> [Material supplied]:

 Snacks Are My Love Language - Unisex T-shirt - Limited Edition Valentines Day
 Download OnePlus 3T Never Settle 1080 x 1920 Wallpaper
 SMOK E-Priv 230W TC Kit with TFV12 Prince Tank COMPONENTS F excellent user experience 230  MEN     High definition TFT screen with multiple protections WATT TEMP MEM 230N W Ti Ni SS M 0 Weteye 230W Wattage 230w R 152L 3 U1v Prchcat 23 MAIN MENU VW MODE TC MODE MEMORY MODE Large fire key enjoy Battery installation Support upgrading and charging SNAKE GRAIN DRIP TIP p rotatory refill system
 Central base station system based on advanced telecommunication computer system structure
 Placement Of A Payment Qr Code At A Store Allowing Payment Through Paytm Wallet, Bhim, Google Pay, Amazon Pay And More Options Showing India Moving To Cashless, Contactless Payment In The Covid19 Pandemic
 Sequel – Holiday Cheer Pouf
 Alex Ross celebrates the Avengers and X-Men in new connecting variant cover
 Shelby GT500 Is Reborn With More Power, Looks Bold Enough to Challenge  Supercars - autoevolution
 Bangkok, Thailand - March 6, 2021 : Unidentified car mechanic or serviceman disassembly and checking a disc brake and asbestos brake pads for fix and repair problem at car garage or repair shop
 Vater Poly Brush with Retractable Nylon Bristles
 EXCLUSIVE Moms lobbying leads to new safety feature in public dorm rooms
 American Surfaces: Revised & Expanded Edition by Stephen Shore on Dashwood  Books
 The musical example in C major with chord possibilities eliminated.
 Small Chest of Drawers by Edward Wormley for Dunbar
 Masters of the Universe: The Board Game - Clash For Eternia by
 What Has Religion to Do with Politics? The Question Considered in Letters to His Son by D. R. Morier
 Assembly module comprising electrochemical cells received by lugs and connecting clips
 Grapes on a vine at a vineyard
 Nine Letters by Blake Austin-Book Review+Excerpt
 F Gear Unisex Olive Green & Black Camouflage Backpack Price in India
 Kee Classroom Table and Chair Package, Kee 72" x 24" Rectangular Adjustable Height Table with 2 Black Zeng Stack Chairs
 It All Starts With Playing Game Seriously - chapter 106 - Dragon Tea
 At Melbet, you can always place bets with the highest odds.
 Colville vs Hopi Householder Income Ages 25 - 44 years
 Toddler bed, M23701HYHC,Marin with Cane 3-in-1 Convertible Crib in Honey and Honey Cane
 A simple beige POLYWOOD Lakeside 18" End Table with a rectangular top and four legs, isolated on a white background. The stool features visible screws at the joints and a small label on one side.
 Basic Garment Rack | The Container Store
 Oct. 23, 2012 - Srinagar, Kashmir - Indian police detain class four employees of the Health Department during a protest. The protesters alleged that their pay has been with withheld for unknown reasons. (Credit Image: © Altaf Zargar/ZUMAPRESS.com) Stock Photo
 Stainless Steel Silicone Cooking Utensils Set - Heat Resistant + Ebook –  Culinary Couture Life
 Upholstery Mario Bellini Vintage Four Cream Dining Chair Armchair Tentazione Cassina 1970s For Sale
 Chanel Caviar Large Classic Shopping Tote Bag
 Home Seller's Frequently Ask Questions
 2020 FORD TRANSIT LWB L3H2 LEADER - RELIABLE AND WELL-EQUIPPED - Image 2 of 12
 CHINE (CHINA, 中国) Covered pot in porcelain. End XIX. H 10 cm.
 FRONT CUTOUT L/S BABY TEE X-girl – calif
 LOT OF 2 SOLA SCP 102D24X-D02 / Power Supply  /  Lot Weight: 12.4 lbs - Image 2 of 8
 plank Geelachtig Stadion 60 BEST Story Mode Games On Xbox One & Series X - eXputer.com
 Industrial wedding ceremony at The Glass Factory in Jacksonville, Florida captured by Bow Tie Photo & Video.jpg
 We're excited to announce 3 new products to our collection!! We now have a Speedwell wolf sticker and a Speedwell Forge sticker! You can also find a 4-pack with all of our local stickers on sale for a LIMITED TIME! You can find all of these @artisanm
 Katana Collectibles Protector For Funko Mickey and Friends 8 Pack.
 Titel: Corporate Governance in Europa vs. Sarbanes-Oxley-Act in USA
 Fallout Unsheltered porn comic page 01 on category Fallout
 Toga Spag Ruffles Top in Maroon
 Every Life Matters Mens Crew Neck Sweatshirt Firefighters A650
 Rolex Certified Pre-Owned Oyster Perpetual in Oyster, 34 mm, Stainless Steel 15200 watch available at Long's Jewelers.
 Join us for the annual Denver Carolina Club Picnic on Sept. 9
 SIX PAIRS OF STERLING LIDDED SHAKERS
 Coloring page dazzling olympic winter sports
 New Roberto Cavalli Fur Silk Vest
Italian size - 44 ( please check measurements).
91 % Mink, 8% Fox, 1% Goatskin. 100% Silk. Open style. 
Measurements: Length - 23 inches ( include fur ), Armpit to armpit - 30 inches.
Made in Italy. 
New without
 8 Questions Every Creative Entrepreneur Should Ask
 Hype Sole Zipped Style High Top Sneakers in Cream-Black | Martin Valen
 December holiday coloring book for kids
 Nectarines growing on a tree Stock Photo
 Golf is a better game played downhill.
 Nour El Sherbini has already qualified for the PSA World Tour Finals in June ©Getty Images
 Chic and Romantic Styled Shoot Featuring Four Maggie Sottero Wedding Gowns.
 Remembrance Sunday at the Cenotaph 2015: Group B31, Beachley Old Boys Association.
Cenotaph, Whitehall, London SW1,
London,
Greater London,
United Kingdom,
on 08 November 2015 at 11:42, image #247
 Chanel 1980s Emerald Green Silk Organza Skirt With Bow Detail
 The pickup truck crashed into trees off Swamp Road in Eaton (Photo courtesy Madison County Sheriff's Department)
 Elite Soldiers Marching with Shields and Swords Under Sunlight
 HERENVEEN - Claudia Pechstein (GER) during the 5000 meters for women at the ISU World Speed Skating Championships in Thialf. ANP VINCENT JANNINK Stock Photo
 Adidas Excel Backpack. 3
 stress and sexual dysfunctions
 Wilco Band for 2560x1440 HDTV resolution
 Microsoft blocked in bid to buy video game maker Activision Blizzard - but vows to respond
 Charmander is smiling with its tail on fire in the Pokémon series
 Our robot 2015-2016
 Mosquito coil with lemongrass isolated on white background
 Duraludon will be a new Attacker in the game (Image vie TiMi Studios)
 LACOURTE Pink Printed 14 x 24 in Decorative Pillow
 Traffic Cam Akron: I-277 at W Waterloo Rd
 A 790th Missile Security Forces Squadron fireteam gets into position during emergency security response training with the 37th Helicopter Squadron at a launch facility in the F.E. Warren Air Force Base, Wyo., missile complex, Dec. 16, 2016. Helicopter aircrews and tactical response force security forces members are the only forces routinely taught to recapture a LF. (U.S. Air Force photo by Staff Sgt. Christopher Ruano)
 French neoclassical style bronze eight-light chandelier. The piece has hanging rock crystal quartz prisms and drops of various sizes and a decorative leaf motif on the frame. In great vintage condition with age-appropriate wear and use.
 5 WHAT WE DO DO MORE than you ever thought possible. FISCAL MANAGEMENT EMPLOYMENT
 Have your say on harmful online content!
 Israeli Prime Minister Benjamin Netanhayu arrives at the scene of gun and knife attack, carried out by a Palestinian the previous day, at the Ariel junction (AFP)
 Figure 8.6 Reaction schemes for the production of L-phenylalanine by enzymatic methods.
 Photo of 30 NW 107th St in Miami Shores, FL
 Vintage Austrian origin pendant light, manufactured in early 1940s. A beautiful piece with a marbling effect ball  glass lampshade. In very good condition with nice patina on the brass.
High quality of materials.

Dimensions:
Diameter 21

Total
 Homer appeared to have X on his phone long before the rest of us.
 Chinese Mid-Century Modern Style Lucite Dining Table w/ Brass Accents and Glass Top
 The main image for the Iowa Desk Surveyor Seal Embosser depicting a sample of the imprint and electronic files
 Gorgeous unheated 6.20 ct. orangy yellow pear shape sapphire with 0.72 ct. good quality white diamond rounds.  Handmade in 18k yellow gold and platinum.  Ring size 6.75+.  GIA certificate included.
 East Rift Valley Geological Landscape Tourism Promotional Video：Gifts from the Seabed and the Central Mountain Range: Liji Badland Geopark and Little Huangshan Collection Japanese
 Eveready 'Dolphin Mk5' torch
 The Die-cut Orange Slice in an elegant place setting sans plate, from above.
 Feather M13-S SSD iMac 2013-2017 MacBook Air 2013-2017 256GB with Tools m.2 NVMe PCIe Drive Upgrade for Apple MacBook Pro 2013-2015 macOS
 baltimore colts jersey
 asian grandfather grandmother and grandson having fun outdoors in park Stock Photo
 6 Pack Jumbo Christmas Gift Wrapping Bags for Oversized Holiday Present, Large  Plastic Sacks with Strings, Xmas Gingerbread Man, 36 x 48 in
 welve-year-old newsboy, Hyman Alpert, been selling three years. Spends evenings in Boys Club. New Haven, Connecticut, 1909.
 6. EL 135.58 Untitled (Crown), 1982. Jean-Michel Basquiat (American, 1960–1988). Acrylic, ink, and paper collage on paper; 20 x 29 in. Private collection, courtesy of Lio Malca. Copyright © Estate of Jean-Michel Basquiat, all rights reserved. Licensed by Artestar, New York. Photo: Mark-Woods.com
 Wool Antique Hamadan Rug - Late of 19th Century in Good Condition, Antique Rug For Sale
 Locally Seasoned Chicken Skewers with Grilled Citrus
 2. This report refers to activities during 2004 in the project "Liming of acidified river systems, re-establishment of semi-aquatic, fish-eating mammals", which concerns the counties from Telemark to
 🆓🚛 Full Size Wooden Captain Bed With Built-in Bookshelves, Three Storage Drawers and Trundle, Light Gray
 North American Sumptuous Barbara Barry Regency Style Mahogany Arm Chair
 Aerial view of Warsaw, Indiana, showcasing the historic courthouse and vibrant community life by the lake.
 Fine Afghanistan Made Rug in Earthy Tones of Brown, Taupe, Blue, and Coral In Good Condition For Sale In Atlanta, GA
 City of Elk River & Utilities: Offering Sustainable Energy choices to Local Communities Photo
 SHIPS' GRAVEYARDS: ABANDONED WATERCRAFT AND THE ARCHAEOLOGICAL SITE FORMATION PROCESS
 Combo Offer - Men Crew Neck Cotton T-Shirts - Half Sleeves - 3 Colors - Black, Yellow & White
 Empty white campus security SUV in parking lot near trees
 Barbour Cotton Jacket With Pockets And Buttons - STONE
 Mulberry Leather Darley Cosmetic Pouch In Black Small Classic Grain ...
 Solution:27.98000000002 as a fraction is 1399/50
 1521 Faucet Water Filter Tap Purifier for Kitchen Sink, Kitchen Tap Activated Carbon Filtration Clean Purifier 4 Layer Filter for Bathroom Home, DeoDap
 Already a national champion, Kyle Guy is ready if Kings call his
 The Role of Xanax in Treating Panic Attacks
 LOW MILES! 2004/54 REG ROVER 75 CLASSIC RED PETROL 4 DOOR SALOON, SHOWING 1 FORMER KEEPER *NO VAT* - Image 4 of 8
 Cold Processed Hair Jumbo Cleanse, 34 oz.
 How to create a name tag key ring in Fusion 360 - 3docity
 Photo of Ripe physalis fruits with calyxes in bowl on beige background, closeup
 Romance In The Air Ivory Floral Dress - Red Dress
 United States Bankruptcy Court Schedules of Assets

> [Action item]:
From the listing above, the lines starting with the one that has "Charmander is smiling" and running through the one that has "A 790th Missile" should be copied exactly, ends included.

> [Answer to this task]:
 Charmander is smiling with its tail on fire in the Pokémon series
 Our robot 2015-2016
 Mosquito coil with lemongrass isolated on white background
 Duraludon will be a new Attacker in the game (Image vie TiMi Studios)
 LACOURTE Pink Printed 14 x 24 in Decorative Pillow
 Traffic Cam Akron: I-277 at W Waterloo Rd
 A 790th Missile Security Forces Squadron fireteam gets into position during emergency security response training with the 37th Helicopter Squadron at a launch facility in the F.E. Warren Air Force Base, Wyo., missile complex, Dec. 16, 2016. Helicopter aircrews and tactical response force security forces members are the only forces routinely taught to recapture a LF. (U.S. Air Force photo by Staff Sgt. Christopher Ruano)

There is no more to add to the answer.